Martha Stewart Member
December 25, 2017
I have used this recipe several times, it is my go to recipe when cooking a whole duck. It is easy and the Duck is great! not sure why others are having a problem. Have used this recipe at least 5 different times and it has turned out great each time.
Martha Stewart Member
December 11, 2016
I cannot recommend this recipe. I got through step 6 and took the bird's temp before putting it back in for the final 50 minutes. It was already very overcooked and the skin was very soggy. Essentially, the duck was ruined.

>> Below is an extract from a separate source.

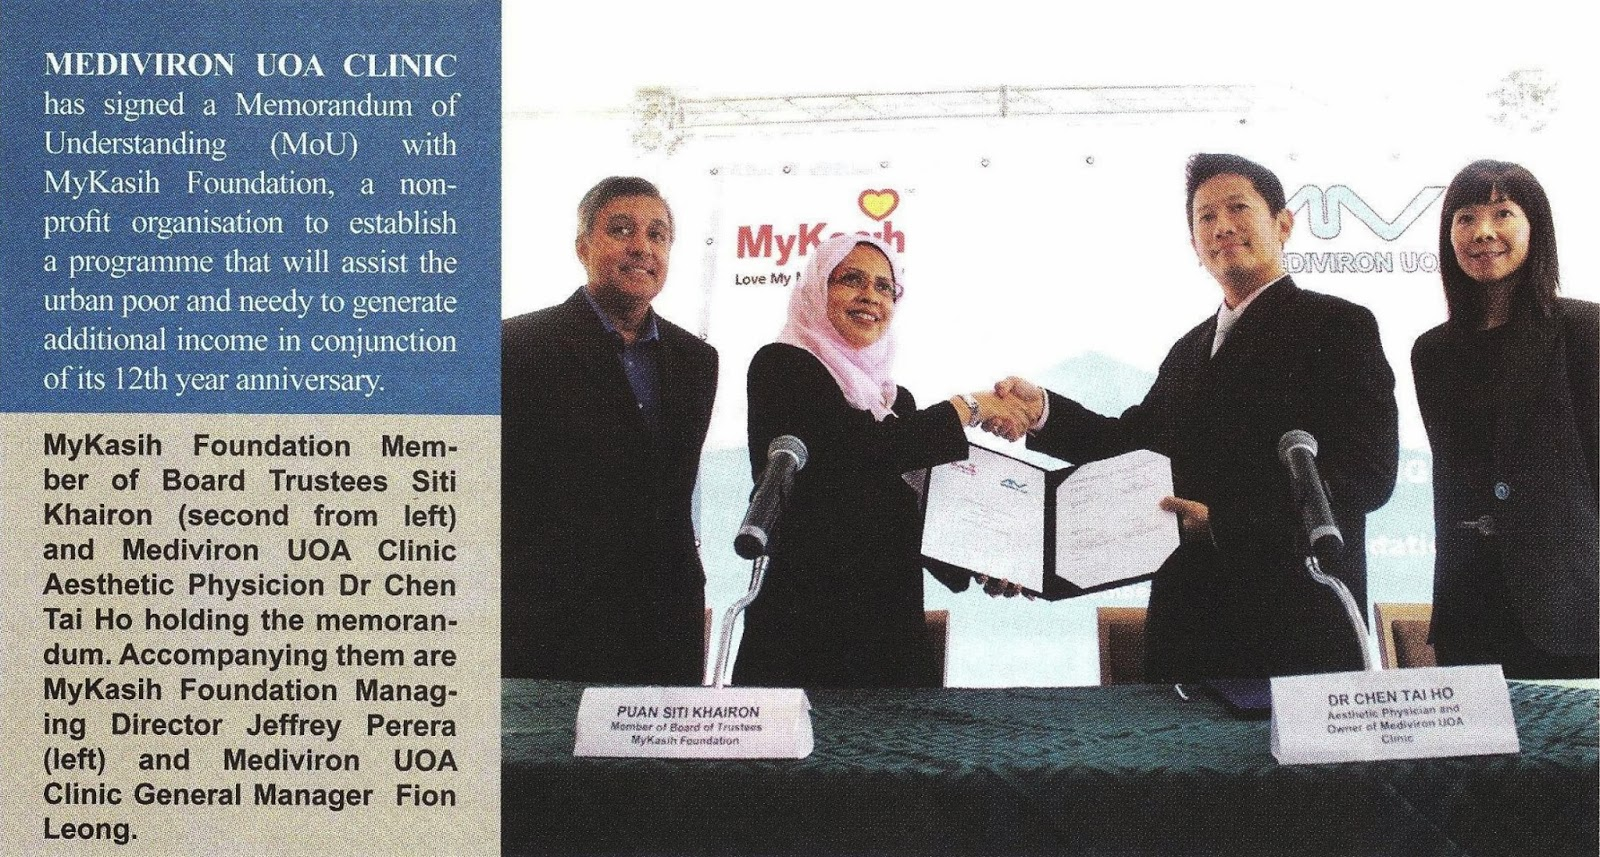 201310_SME Malaysia_SME Events - Mediviron UOA Clinic

I'm hoping to salvage the duck fat, and I used the carcass for stock, but the meat was very disappointing.
Martha Stewart Member
November 24, 2016
Three 50-minute sessions at 425 degrees? Do you really mean that or did I miss something?
Martha Stewart Member
November 19, 2016
Most importantly, DO NOT PLACE FOIL ON THE BOTTOM OF YOUR OVEN. I followed the instructions and I now have melted foil stuck to the bottom of my oven. I don't even want to know what it will cost to replace. Thanks, Martha.
Martha Stewart Member
November 7, 2013
When I made Peking duck I was given a tip from the butcher about an easy may to get the fat out. He said before cooking to take a ball pump needle with a hand pump and slide it under the skin in several places 10 to 12 and pump air in, this will release the skin from the meat. It worked great, and I had a wonderful duck.